If life teaches us anything, it is to flinch away and roll under the furniture whenever anyone is foolish enough to utter those fell words. And sure enough, the dreadful syllables were barely out of Deborah's mouth when the phone on her desk buzzed for her attention, and some small and rather nasty voice whispered in my ear that this would be a great time to wedge myself under the desk in the foetal position.
Deborah snatched up the phone, still glaring at me, and then suddenly turned away and hunched over. She muttered a few shocked syllables that sounded like, “When? Jesus. Right” and then she hung up and turned a look on me that made her previous glare seem like the first kiss of springtime. “You motherfucker” she said.
“What did I do?” I said, rather surprised by the cold fury in her voice.
“That's what I want to know” she said.
Even a monster reaches a point where irritation begins to trickle in, and I believe I was very close to that point. “Deborah, either you start speaking complete sentences that actually make sense, or I'm going back to the lab to polish the spectrometer.”
“There's a break in the case” she said.
“Then why aren't we happy?”
“It's at the Tourist Board” she said.
I opened my mouth to say something witty and cutting, and then I closed it again.
“Yeah” Deborah said. “Almost like somebody had a grudge against the whole state.”
“And you think it's me?” I said, beyond irritation now and all the way to open-mouthed astonishment. She just stared at me. “Debs, I think somebody put lead in your coffee.
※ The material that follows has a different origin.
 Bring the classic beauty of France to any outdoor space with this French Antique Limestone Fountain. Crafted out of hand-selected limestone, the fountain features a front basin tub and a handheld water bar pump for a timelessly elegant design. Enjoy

Florida is my home —you want me to sing “Swanee River?” It might not have been the offer to sing that animated her, but whatever it was she looked at me for another long moment and then jumped up. “Come on, let's get over there” she said.
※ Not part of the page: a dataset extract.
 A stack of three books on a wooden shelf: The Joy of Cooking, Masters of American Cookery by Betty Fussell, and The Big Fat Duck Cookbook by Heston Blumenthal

The? What about Coulter, your partner?”
“He's getting coffee, fuck him,” she said. “Besides, I'd rather partner with a warthog. Come on.” For some reason I did not actually swell with pride at being slightly better than a warthog, but when duty calls, Dexter answers, and I followed her out the door.
The Greater Miami Convention and Visitor's Bureau was in a high-rise building on Brickell Avenue, as befitted its status as a very important organization.
The full majesty of its purpose was reflected in the view from its windows, which showed a lovely slice of downtown and Government Cut, a swathe of Biscayne Bay, and even the nearby Arena where the basketball team shows up from time to time for some really dramatic losses.
It was a wonderful view, almost a postcard, as if to say, “Look —this is Miami: we weren't kidding.” Very few of the Bureau's employees seemed to be enjoying the view today, however. The office resembled a giant oak-lined bee's nest that somebody had poked with a stick. There could not have been more than a handful of employees, but they were flitting in and out of doors and up and down the hallway so rapidly it looked like there were hundreds of them in constant motion, like crazed particles in a whirring jar of oil.
Deborah stood at the receptionist's desk for two full minutes —a lifetime as far as her sense of patience was concerned —before a large woman paused and stared at her.
“What do you want?” the woman demanded.
Debs immediately flashed her badge. “I'm Sergeant Morgan. From the police?”
“Oh my God” the woman said. “I'll get Jo Anne” and disappeared through a door on the right. Deborah looked at me as if it was my fault and said, “Jesus” and then the door slammed open again and a small woman with a long nose and a short haircut came barreling out.
“Police?” she said with real outrage in her voice. She looked beyond us and then back to Deborah. “You're the police? What, the pin-up police?”
Of course, Deborah was used to having people challenge her, but usually not quite so brutally. She actually blushed a little before she held up her badge again and said, “Sergeant Morgan. Do you have some information for us?”
“This is no time for being politically correct” the woman said. I need Dirty Harry, and they send Legally Blonde.” Deborah's eyes narrowed and the pretty red flush left her cheeks.